Results of Operations for the Fourth quarter of 2024 Compared to the Fourth quarter of 2023
Core Bank(1)
Net income for the Core Bank was $17.6 million for the fourth quarter of 2024, a $1.8 million, or 11%, increase over the $15.8 million for the fourth quarter of 2023. A solid increase in net interest income combined with a minimal Provision, which was driven by continued strong Core Bank credit quality, were both drivers for the strong growth in net income for the quarter.
Net Interest Income– Core Bank net interest income was $57.7 million for the fourth quarter of 2024, a $7.0 million, or 14%, increase from the $50.6 million achieved during the fourth quarter of 2023. The rise in net interest income for the quarter was driven by period-over-period growth in average interest-earning assets and a notable increase in the Core Bank’s NIM. The increase in the Core Bank’s total dollars of net interest income represented the third consecutive quarter-over-same-quarter-last-year increase following two consecutive quarter-over-same-quarter-last-year declines for the fourth quarter of 2023 and the first quarter of 2024.
The Core Bank’s NIM increased from 3.40% during the fourth quarter of 2023 to 3.64% during the fourth quarter of 2024. This increase represented the second consecutive rise in the Core Bank’s quarter-over-same-quarter-last-year NIM. The increase in the Core Bank’s NIM occurred as its yield on its interest earning assets increased 25 basis points over the fourth quarter of 2023, while its cost of funds increased only one basis point for the same time periods.
Specific items of note impacting the Core Bank’s change in net interest income and NIM between the fourth quarter of 2023 and the fourth quarter of 2024 were as follows:
- Average outstanding Warehouse balances increased from $370 million during the fourth quarter of 2023 to $552 million for the fourth quarter of 2024. Average committed Warehouse lines declined from $1.0 billion to $942 million during these same periods, while an up-tick in demand caused average usage rates for Warehouse lines to increase from 37% during the fourth quarter of 2023 to 59% for the fourth quarter of 2024.
- Traditional Bank average loans grew from $4.56 billion with a weighted-average yield of 5.32% during the fourth quarter of 2023 to $4.57 billion with a weighted average yield of 5.57% during the fourth quarter of 2024. Average Loans for the fourth quarter of 2024 were negatively impacted by the sale in early 2024 of $67 million of residential real estate loans, previously held for investment.
- Average interest-earning cash was $584 million with a weighted-average yield of 4.81% during the fourth quarter of 2024 compared to $201 million with a weighted-average yield of 5.45% for the fourth quarter of 2023. During the first nine months of 2024, the Company maintained higher cash balances due to the inverted yield curve and the more attractive pricing for interest-earning cash as compared to longer-term securities.
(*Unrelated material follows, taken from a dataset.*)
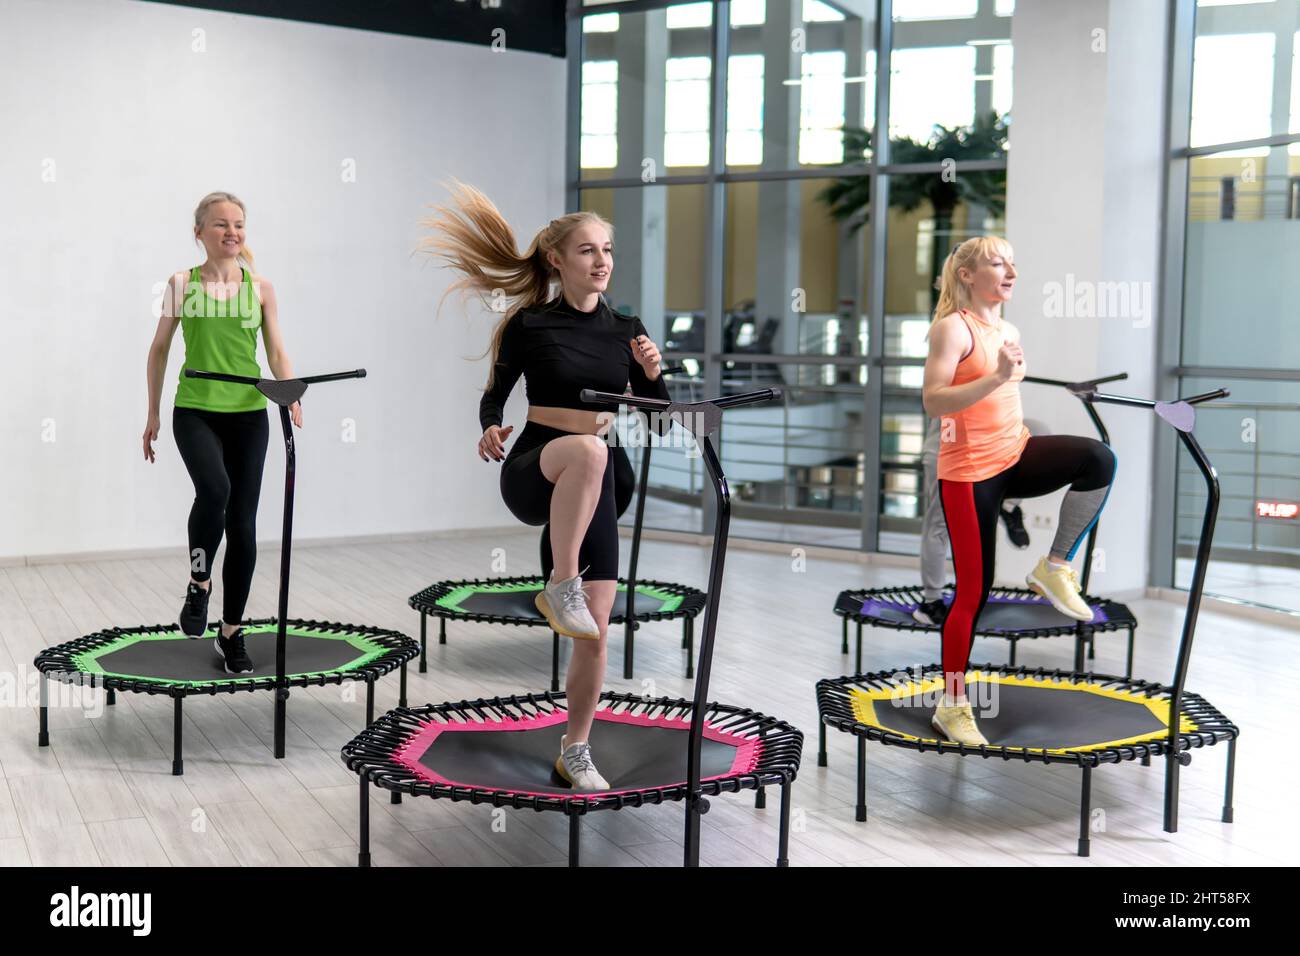 Page 2 - Trampoline Woman High Resolution Stock Photography and Images -  Alamy

While the yield curve began to steepen during the fourth quarter of 2024, the Company continued to maintain higher cash balances during the quarter, in general, due to near-term funding requirements for tax loans related to the upcoming first quarter 2025 tax season.
- Average investments were $595 million with a weighted-average yield of 3.16% during the fourth quarter of 2024 compared to $769 million with a weighted-average yield of 3.02% for the fourth quarter of 2023. As noted in the paragraph above, the Company generally deployed its proceeds from maturing investments during 2024 into interest-earning cash for better yield and near-term liquidity needs.
-
As it relates to the Core Bank’s total dollar increase for its cost of interest-bearing liabilities:
- The weighted-average cost of total interest-bearing deposits increased from 2.36% during the fourth quarter of 2023 to 2.43% for the fourth quarter of 2024, while average interest-bearing deposit balances grew $410 million over the same periods. Included within this growth in interest-bearing deposits was a $309 million increase in the average balances for business and consumer money market accounts, which generally paid premium rates.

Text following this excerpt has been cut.